Antibiotic Pollution from Agriculture

Antibiotics encompass a wide range of chemical compounds that can be produced naturally, semi-synthetically, and synthetically (Manyi-Loh et al., 2018). They are used to stop bacterial growth (“bacteriostatic”) or kill bacterial growth (“bactericidal”) with minimal damage to the host receiving them (Milic et al., 2013; Martínez, 2012; Gillings, 2013). They are categorized as either bacteriostatic or bactericidal, as well as by their scope in the pathogens they target as either narrow or broad-spectrum. These drugs are not only used in clinical settings, but they are also regularly used in livestock farming to treat and prevent animal diseases, promote growth, and improve feed-to-weight ratios (You & Silbergeld, 2014; Hong et al., 2013; Hao et al., 2014). Increasing consumer demand for animal protein worldwide is instigating more intensive farming methods (Manyi-Log et al., 2018). Antibiotics given to livestock is resulting in consequent antibiotic residues in animal-derived products and waste streams.
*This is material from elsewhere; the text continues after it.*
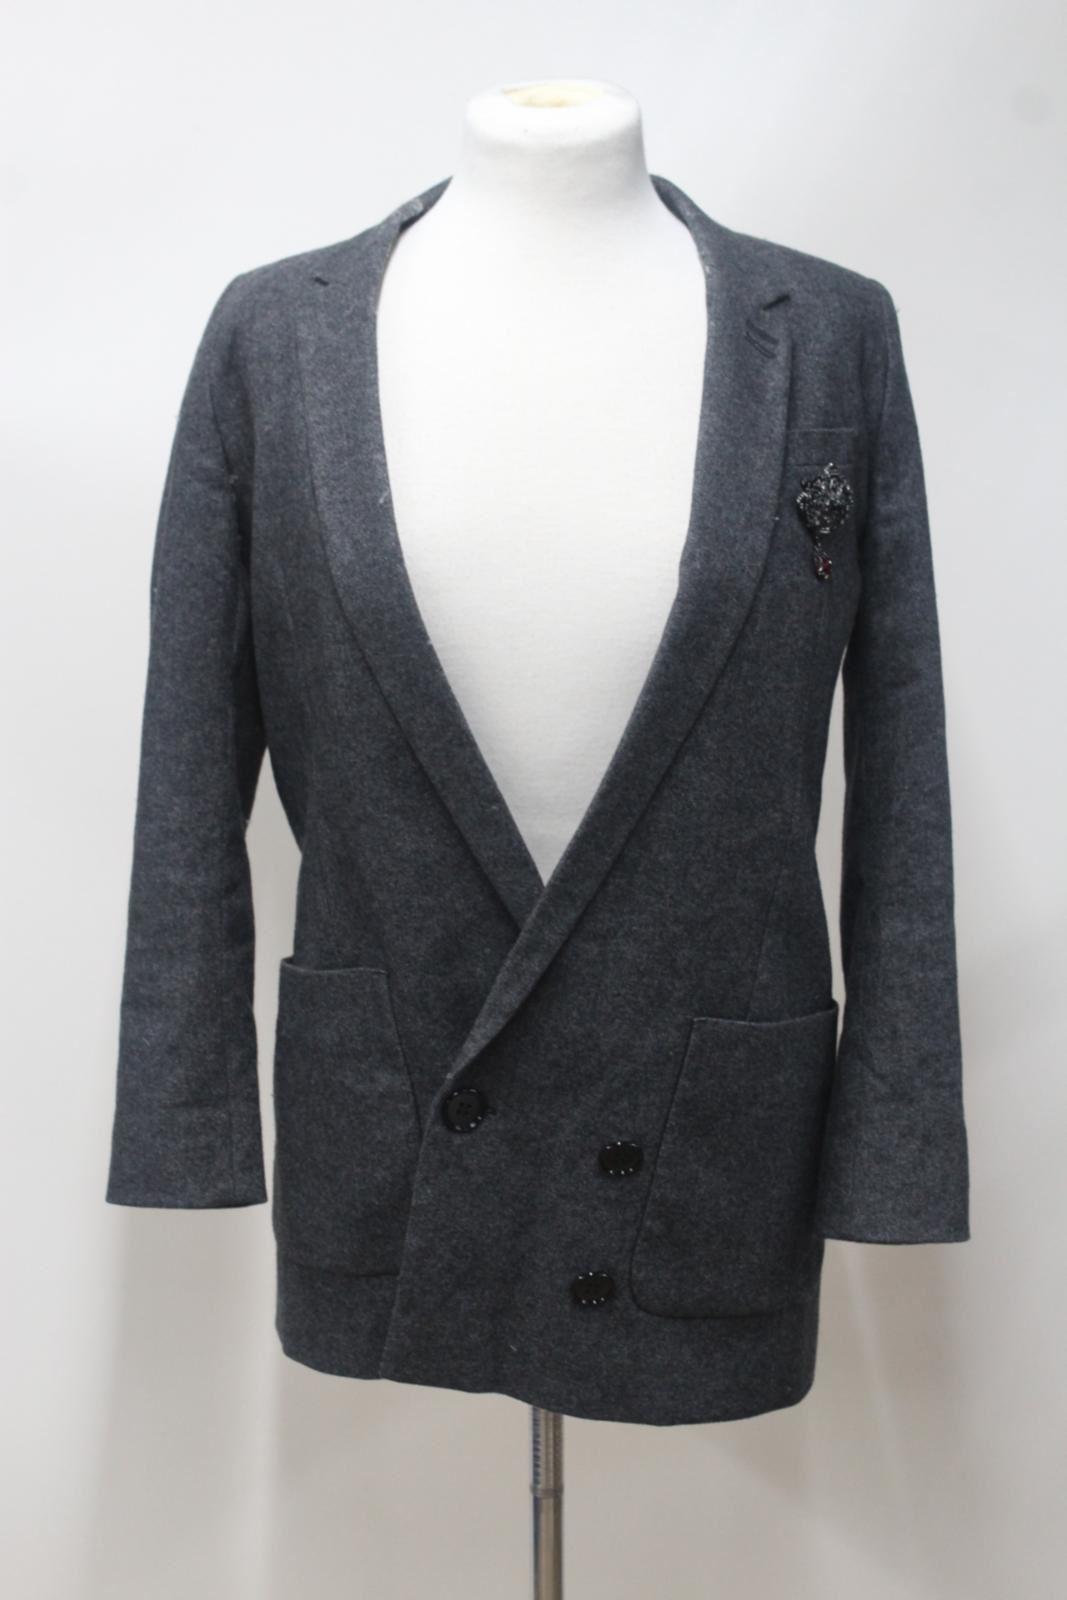 THE-KOOPLES-Ladies-Grey-Wool-Blend-Double-Breasted-Blazer-Jacket-32-XS

Globally, the main classes of antibiotics widely used in agriculture include tetracyclines, aminoglycosides, β-lactams, lincosamides, macrolides, pleuromutilins, and sulphonamides (Finley et al., 2013; De Briyne et al., 2014; Baynes et al., 2016). The overall quantity of antibiotics used in agriculture is estimated to fall between 63,000 and 240,000 tons. In fact, about 80% of antibiotics sold in the U.S. are used for animal production alone (Ventola, 2015). Contrastingly, Sweden is an example of a country that has banned antibiotics for animal growth purposes. According to Swedish agricultural data, there were no recorded loss of production after they implemented this ban (Cogliani et al, 2011). This example shows that such policies have the potential to be effective since reduction of antibiotic use was not followed by pervasive animal disease and successfully reduced antibiotic resistance buildup (Wierup, 2001).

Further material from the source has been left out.